Даша торопливо пошарила у себя в карманах шубки, вытащила английскую булавку и зашпилила полосу на рукаве Барятина чуть повыше локтя.

— Твой пост, товарищ, — сказал низенький рабочий, — будет на углу Среднего проспекта и Шестой линии. Гляди веселей: там винный склад имеется, как бы не разбили. Разобьют — ответишь! Понятно?

— Понятно, — с чувством огромного душевного облегчения ответил Барятин и, крепко держа винтовку обеими руками, стал спускаться по грязной, заляпанной талым снегом лестнице — по ней навстречу ему шли рабочие, студенты, солдаты…

— Ты уже получил оружие? — с радостным удивлением спросил знакомый голос.

Барятин в волнении не разобрал, его ли это окликнули, — так торопился к выходу.

Уже выйдя на Шестую линию, он услышал откуда-то сверху отрывистые, сухие выстрелы, что-то резко щелкнуло рядом с ним на покрытой снегом мостовой — раз, другой…

Растерянно оглянувшись, он встретился глазами с широколицым матросом, стоявшим в нише раскрытых ворот с карабином, надетым через плечо дулом вниз; скаля не то весело, не то свирепо белые зубы, матрос махал ему бескозыркой.

Барятин нерешительно пошел к воротам и вдруг услышал женский вопль:

— О господи, да скорей же!
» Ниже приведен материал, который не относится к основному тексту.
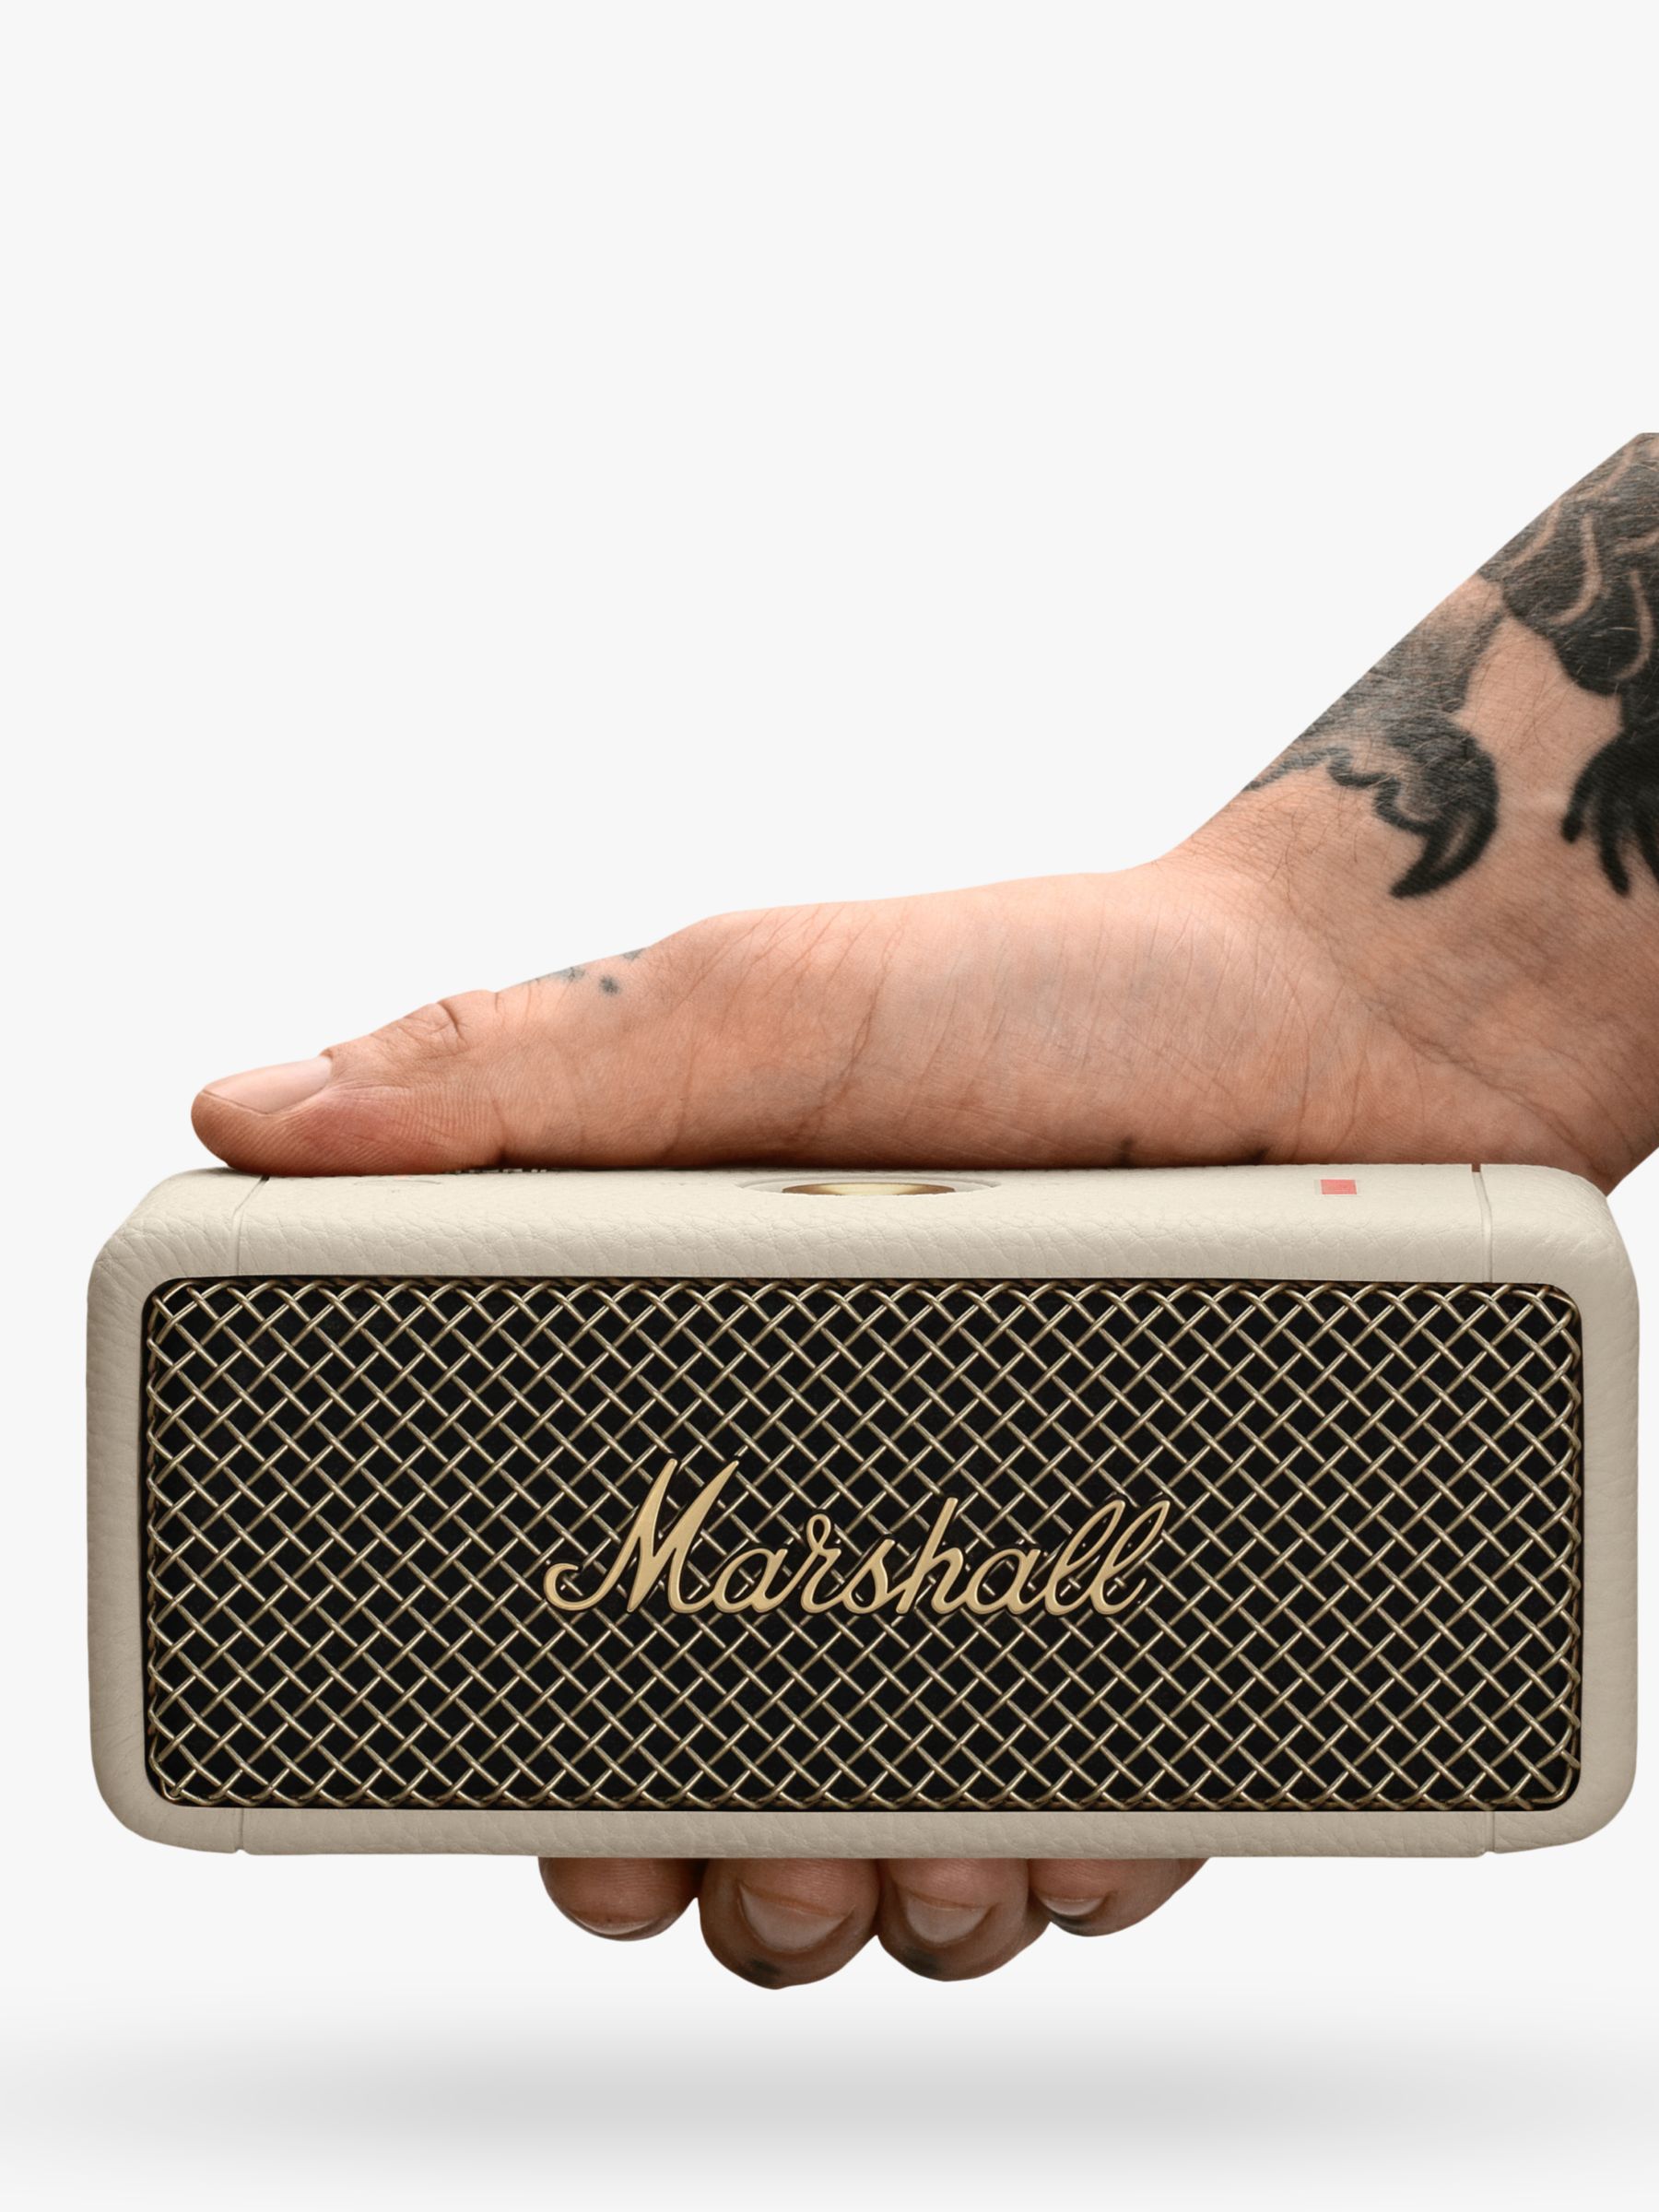 Marshall Emberton Bluetooth Portable Speaker - Cream

Убьют!

Подойдя ближе, он увидел, что за матросом стоит в воротах целая толпа. Тут были рабочие, солдаты, женщины…

Одна из них, должно быть, и крикнула: «Убьют!»

— Ты такой отчаянный или просто не разобрался, что к чему? — спросил Барятина матрос. — Это ж по тебе, по твоей повязке садили с колокольни…

— Никак не пристреляются, — проговорил бородатый солдат-ратник, снял с всклокоченной головы папаху, почесал за ухом, снова надел: — Сверху трудно…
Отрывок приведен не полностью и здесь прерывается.